On Tuesday 30 October, a Commission spokesperson said that the discussions between representatives of the European Commission and their US counterparts on subjects of regulatory cooperation took place "in a constructive atmosphere".
Issues addressed in Washington the previous week included how to enable trade facilitation in the pharmaceutical sector and that of medical devices, cybersecurity and liquefied natural gas.
The search for ways to reduce the cost of conformity assessments and to strengthen transatlantic cooperation during the development of standards or technical regulations for new technologies were also on the agenda of the week's negotiations.
This work at expert level paves the way for the next meeting between European Trade Commissioner Cecilia Malmström and US Trade Representative Robert Lighthizer in Washington in November.
Consumers vigilant
The director of the European Consumer Organisation BEUC, Monique Goyens, met Malmström ahead of these discussions.

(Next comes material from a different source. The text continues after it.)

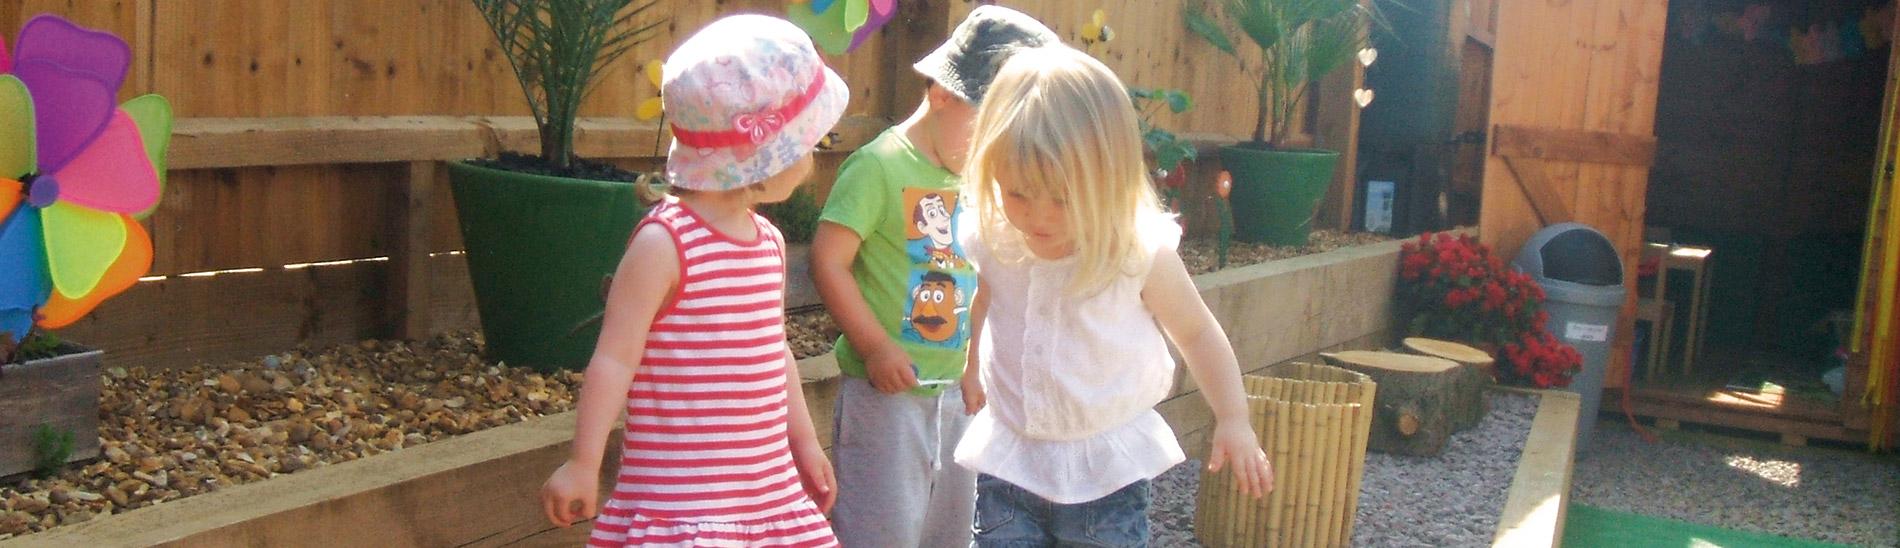 Daycare garden play

The two women addressed this section of the transatlantic dialogue.
"We were vocal on this issue during TTIP times (the previous transatlantic trade negotiations). Our view remains the same as always", a BEUC spokesperson commented.

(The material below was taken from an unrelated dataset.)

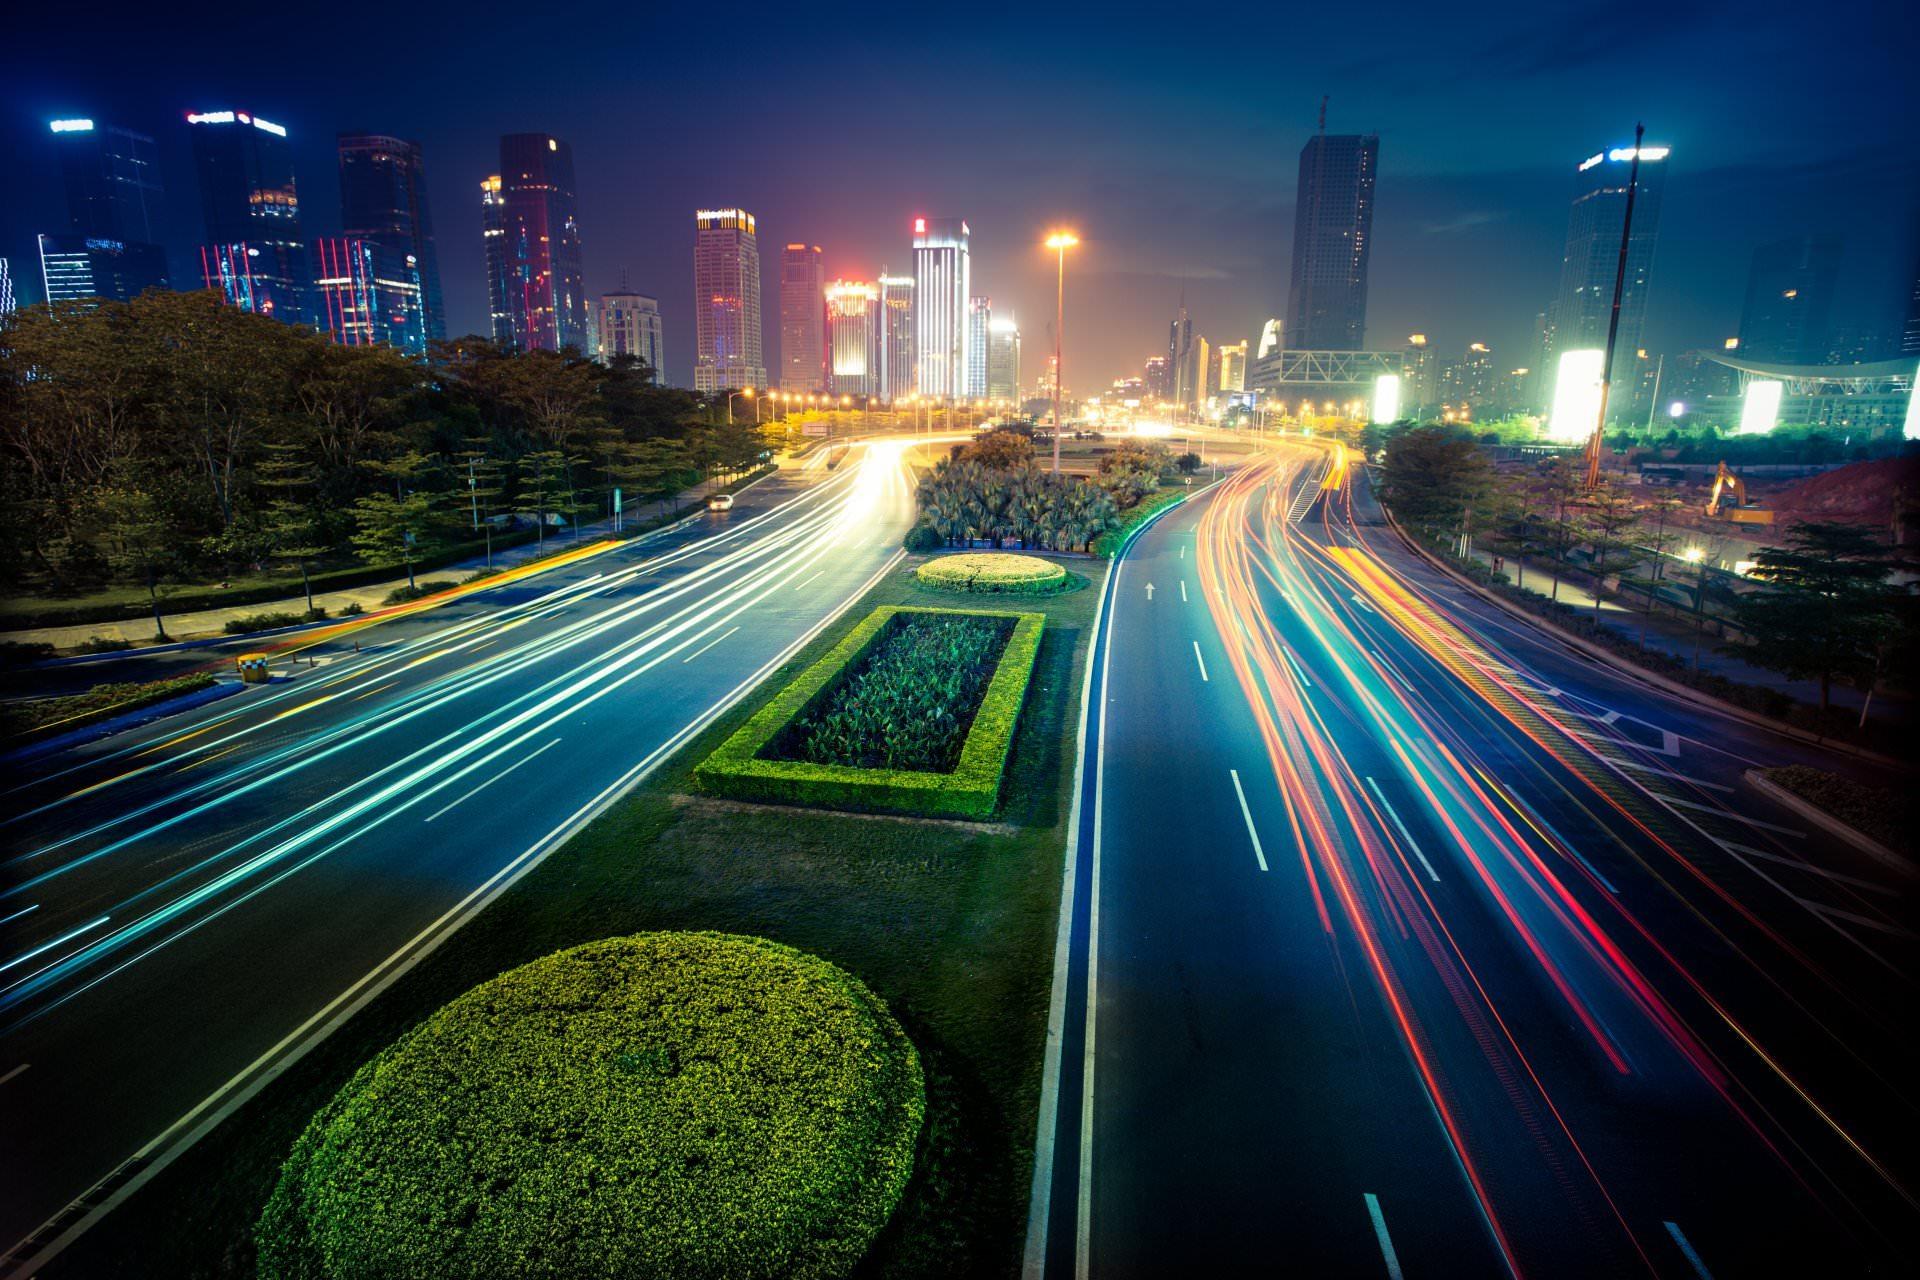 city-lights-street-buildings-blur-trees-town-lights-street-houses-blur-tree

BEUC has always deplored the fact this dialogue is dominated by trade interests. "We criticised these plans as an effective brake on our governments’ – whether EU or national – ability to regulate in the public interest", the BEUC spokesperson stated.

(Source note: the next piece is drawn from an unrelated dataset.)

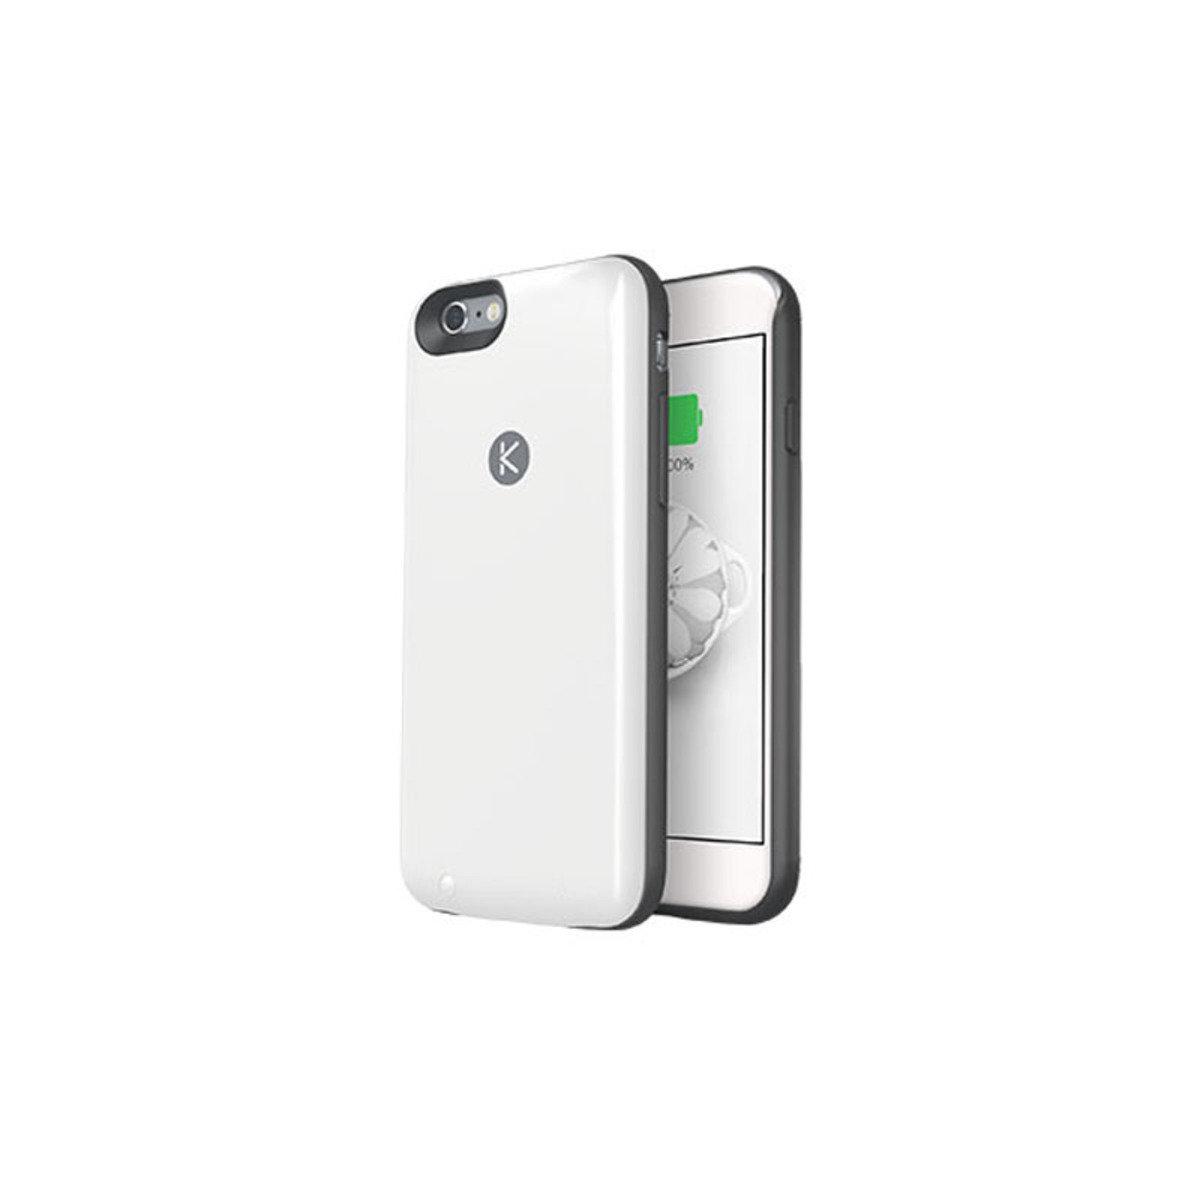 iPhone 6 / 6S 專用機殼內置16GB連2400mAh充電池 黑色+白色

While BEUC today confirms it has "the utmost confidence" in Malmström, its concerns are more as regards the US negotiator and "the deregulatory trend on the other side of the pond. Especially as we receive information from US consumer groups on what is happening in Washington", the BECU spokesperson added. He promised the greatest vigilance of the organisations defending consumers' interests on this file.
Mutually beneficial?
The Commission stated that any cooperation in this domain was possible only if "it happens on a voluntary basis, in a mutually beneficial way and in full respect of the EU’s legal framework, including the existing levels of protection".
However, according to Gabriel Siles-Brügge from Warwick University, "there are fundamental differences between the EU and US in regulatory matters that are difficult to square in these ongoing negotiations… crucially, a difference in the approach to standardisation and conformity assessment".
On the other side of the Atlantic, the system of normalisation is decentralised, and rules can vary from one state to another. This is a completely different system from in the EU, where the respect of European standards effectively gives access to the European single market.
This system "has been a persistent concern from the US side, which sees the European standards and conformity assessment system as a barrier to its exporters", Dr Siles-Brügge told EUROPE.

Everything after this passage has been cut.